Page MenuHomePhabricator

write script that touches every item and thereby updates database tables
Closed, InvalidPublic

Description


Version: master
Severity: normal
Whiteboard: u=dev c=backend p=13
See Also:
https://bugzilla.wikimedia.org/show_bug.cgi?id=63230

Details

Reference
bz64600

Event Timeline

bzimport raised the priority of this task from to High.Nov 22 2014, 3:15 AM
bzimport set Reference to bz64600.
bzimport added a subscriber: Unknown Object (MLST).

Is this about updating all tables in one run? What purpose does this have (in contrast to the recently merged rebuildItemsPerSite.php)

Should this really do null-edits (which at times can show up in the items history) or rather only run all of the secondary database updates? I guess secondary storage updates are enough, thus the bug title is slightly incorrect.

if we can do just secondary updates without the null edits, that's what we need and want, imho.

also, I would very much like the ability to specify which secondary updates to do, in cases where we don't want to do all of them.

e.g. things like hitting CirrusSearch with unnecessary updates wouldn't be nice

This is a pretty generic script, and should support a couple of modes for different use cases. I'm not saying all of these need to be implemented right now, just that we should have them in mind when designing this.

So, for a list of page IDs (optionally, page titles, possibly from a DB query), either:

  • just invalidate the parser cache by calling Title::invalidateCache()
  • re-parse (null-edit)
    • re-parse later (using RefreshLinksJob2 or similar)
  • re-apply data updates (using Content::getSecondaryDataUpdates(), using cached ParserOutput object if possible)
    • would be nice to be able to filter the updates by class name

The different modes should be implemented by separate classes that get called by the main script which iterates over ranges of target pages (strategy pattern).

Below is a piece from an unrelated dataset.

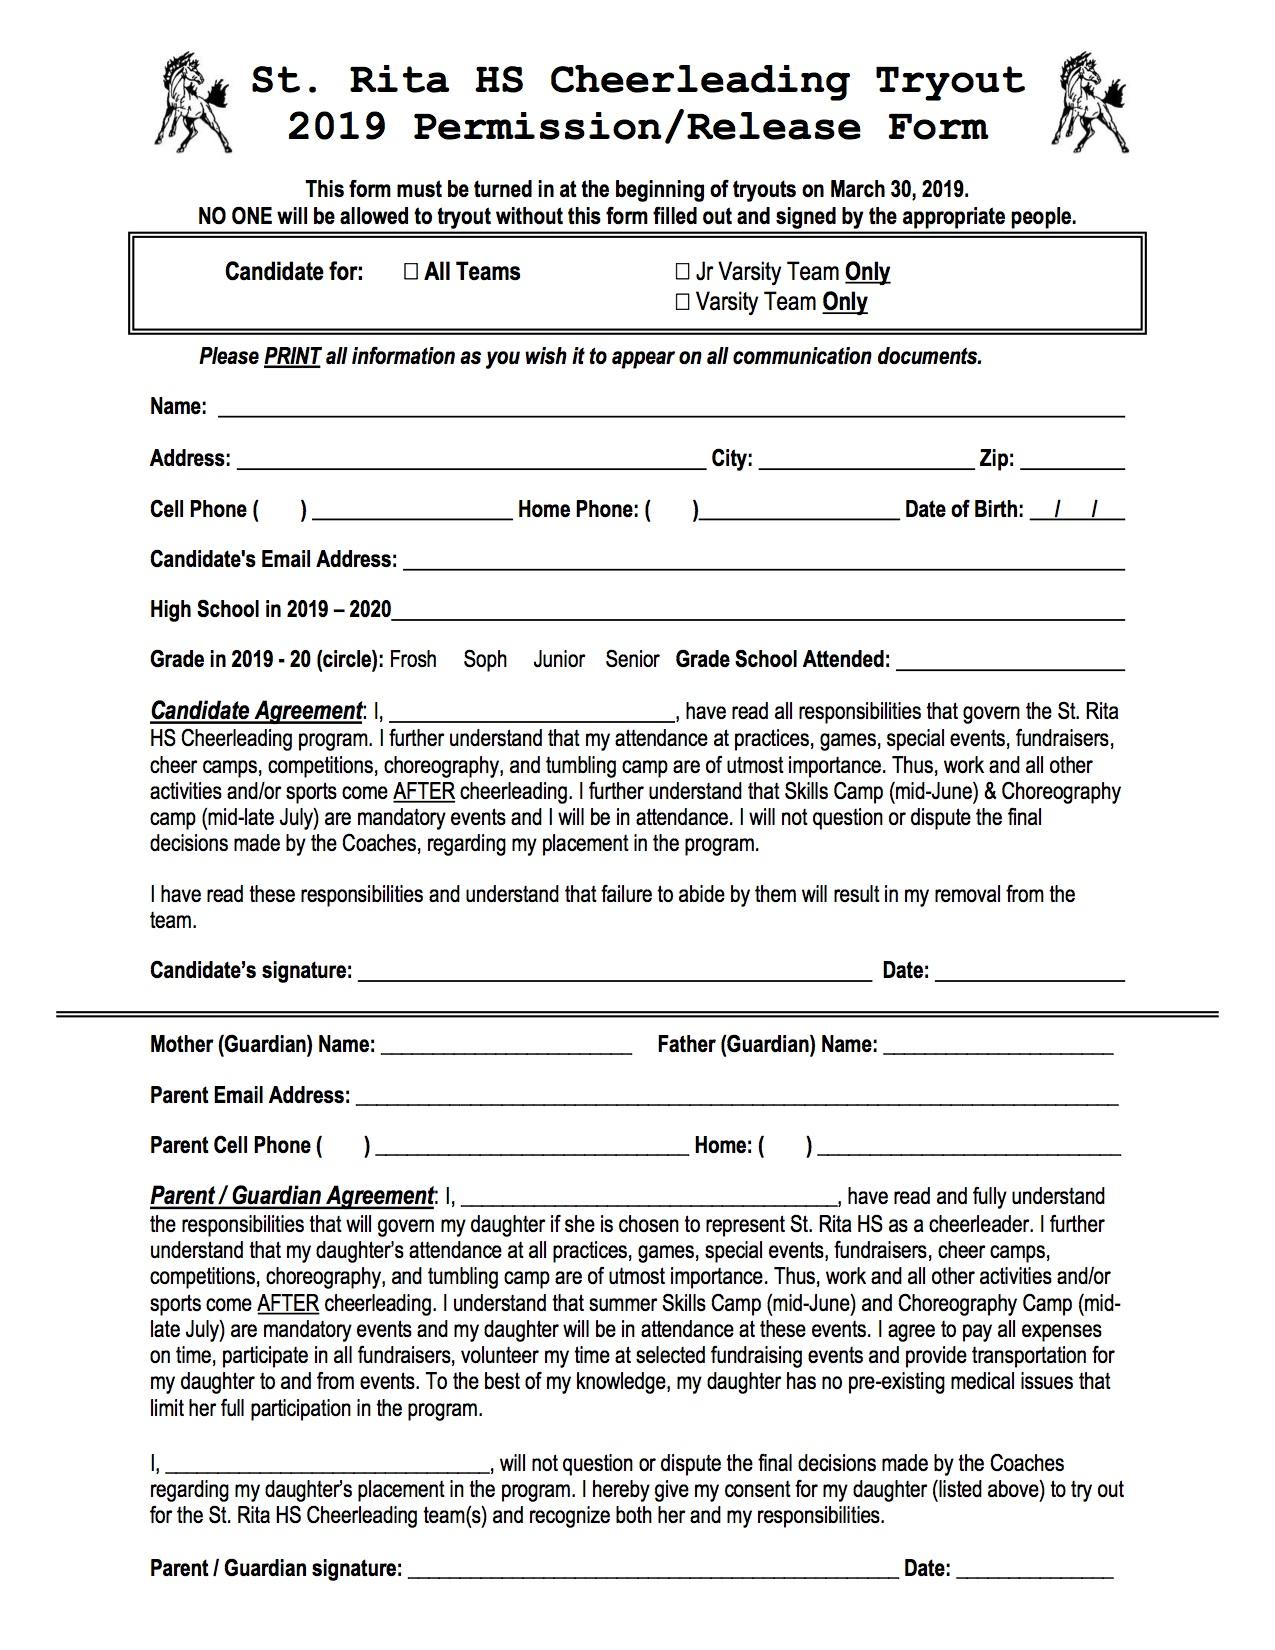 SR Tryout Permission Form_2019 (1).jpg
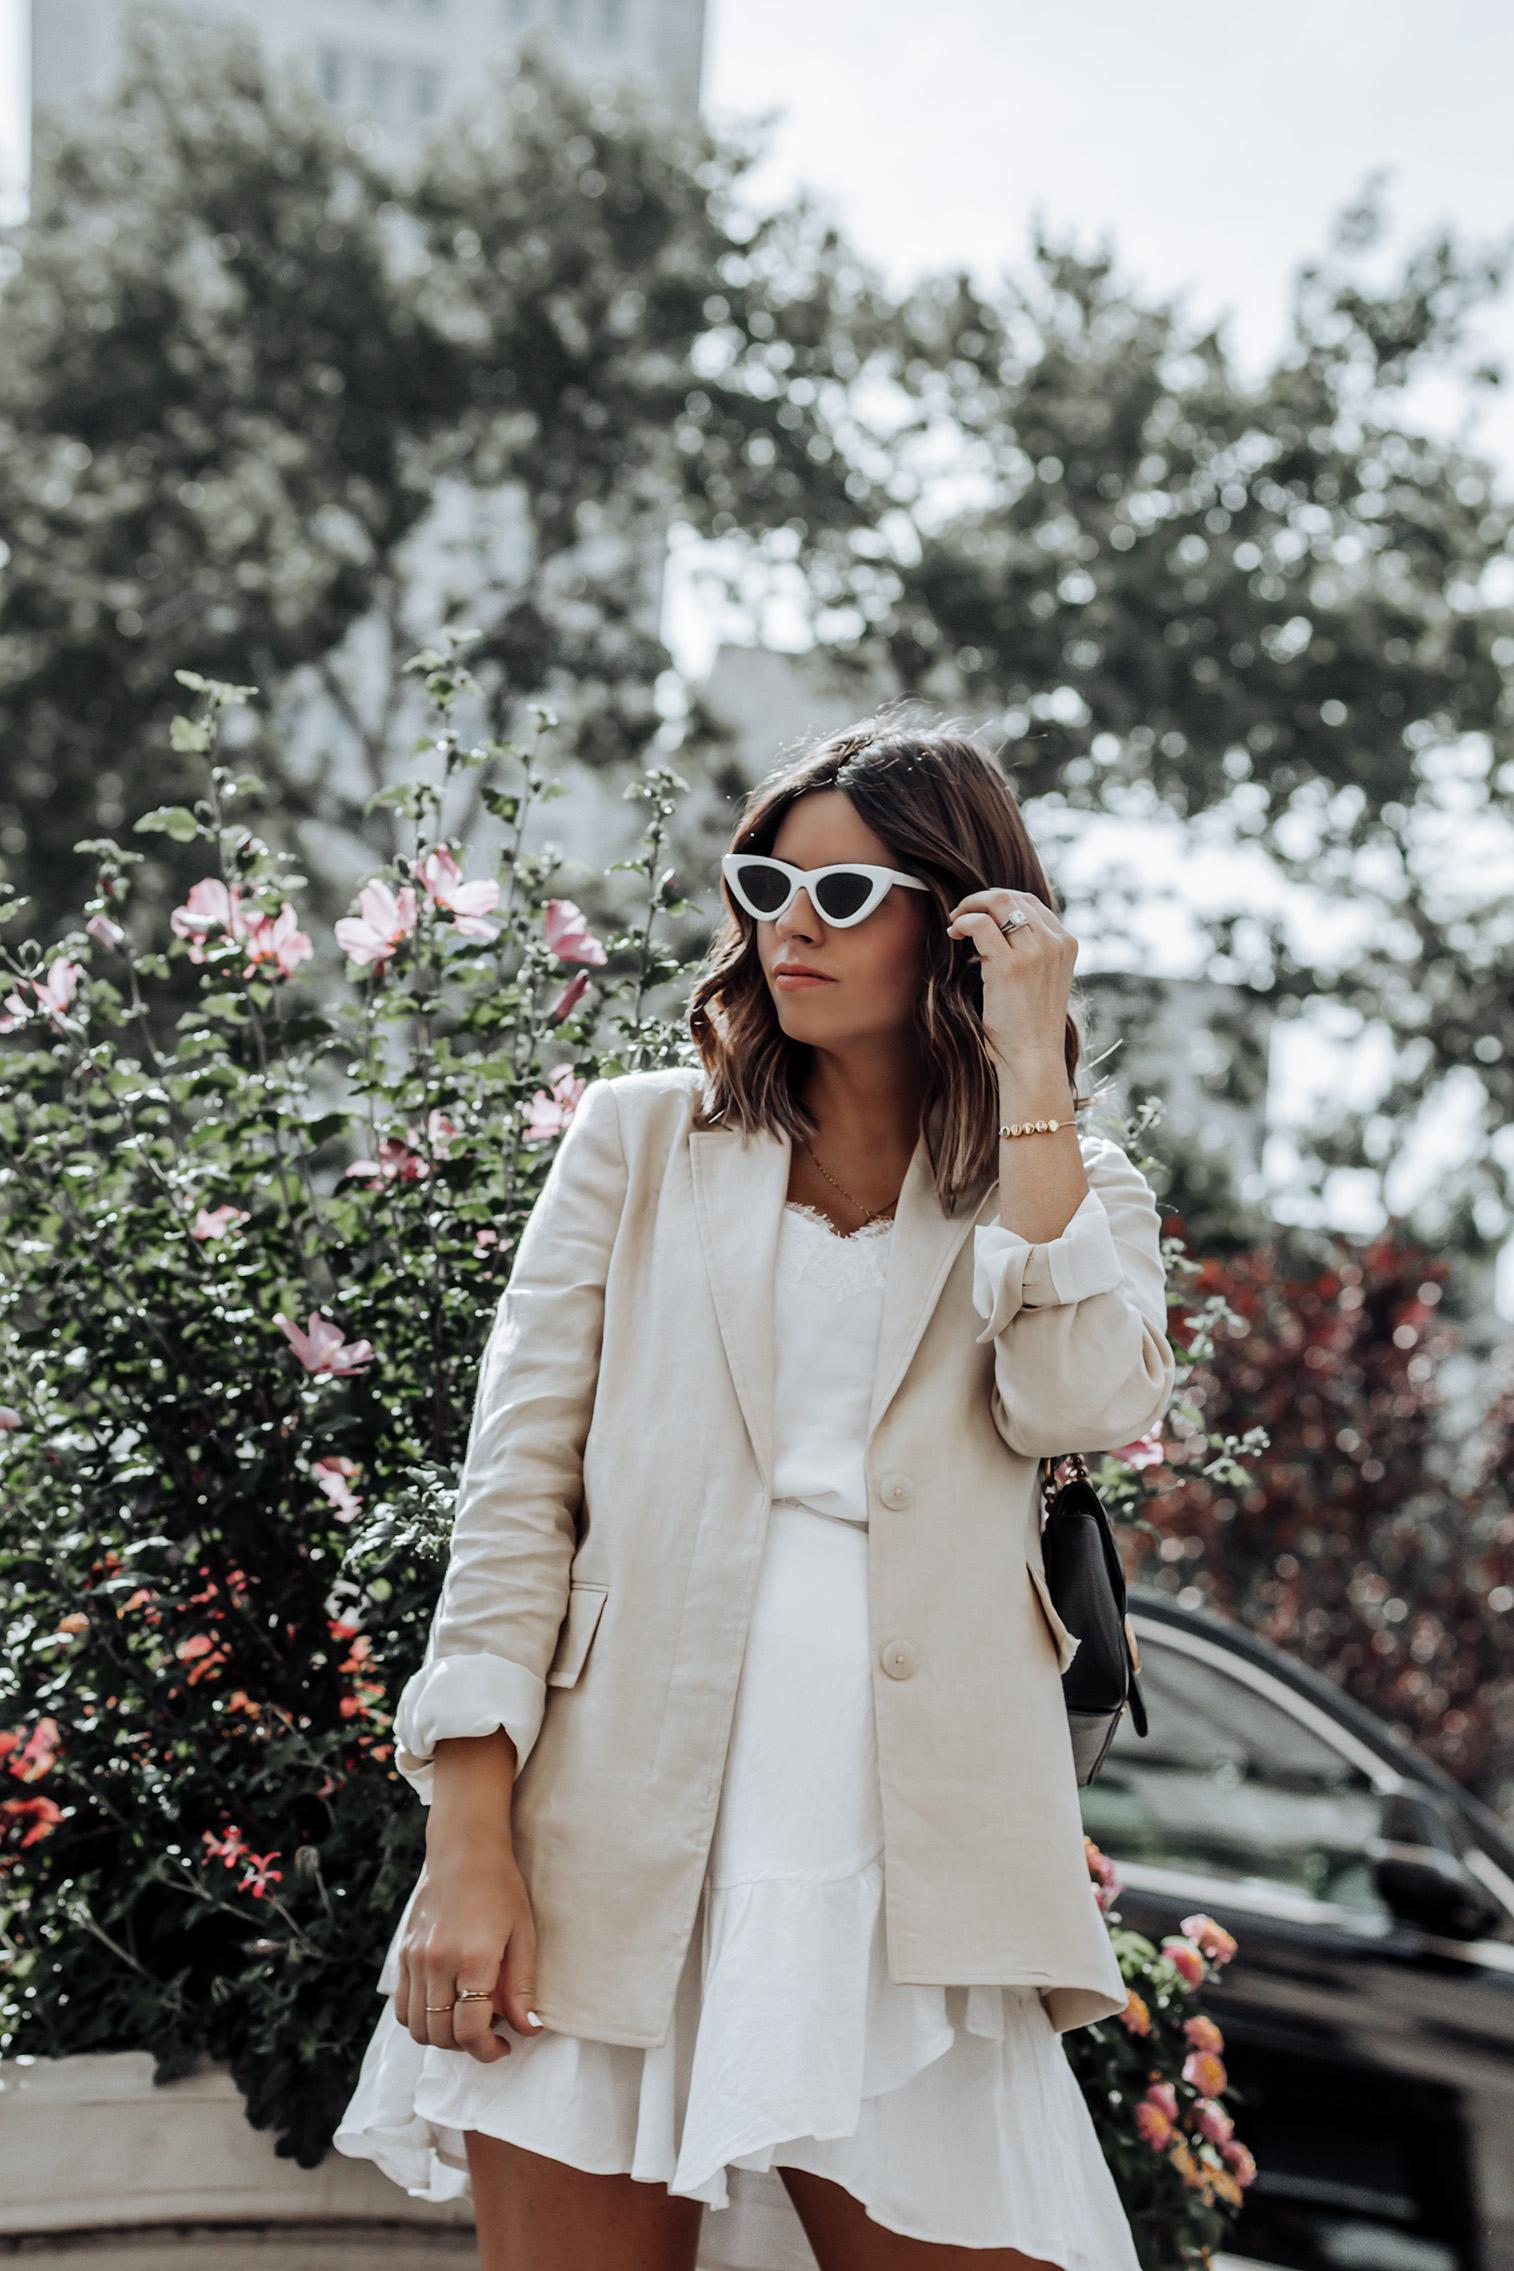 Muted Yellow Blazer | Ruffle Mini Skirt | Lolita White Sunglasses | Gucci Marmont Bag | Steve Madden Agent Slingbacks #liketkit #reffleskirt #streetstyle #nycblogger

On the command line, it would perhaps be nice to use verbs to describe these modes, e.g. call this as "updatePages.php invalidate", "updatePages.php parse-later", "updatePages.php update-secondary", etc.

Change 139768 had a related patch set uploaded by Legoktm:
Add simple script to "touch" pages

https://gerrit.wikimedia.org/r/139768

(In reply to Daniel Kinzler from comment #5)

  • re-parse later (using RefreshLinksJob2 or similar)

RefreshLinksJob2 has been deprecated since 1.23, and I'm not really sure what's the preferred way to do it now. I implemented the 3 other types though.

Per hooman: "We had that discussion on IRC: As null edits can cause changes in the serialization they *can* show up in the edit history, thus we don't want them (AFAIR)."

Change 139768 abandoned by Legoktm:
Add simple script to "touch" pages

Reason:
Don't have time to work on this, feel free to restore if the code is useful.

https://gerrit.wikimedia.org/r/139768

Lydia_Pintscher removed a subscriber: Unknown Object (MLST).
Lydia_Pintscher removed a subscriber: Unknown Object (MLST).Dec 1 2014, 2:31 PM
hoo lowered the priority of this task from High to Medium.Mar 26 2015, 4:11 PM

No longer as important as it used to be.

Lydia_Pintscher claimed this task.

We decided to not work on this given that the SPARQL endpoint seems to be working well and covering most usecases.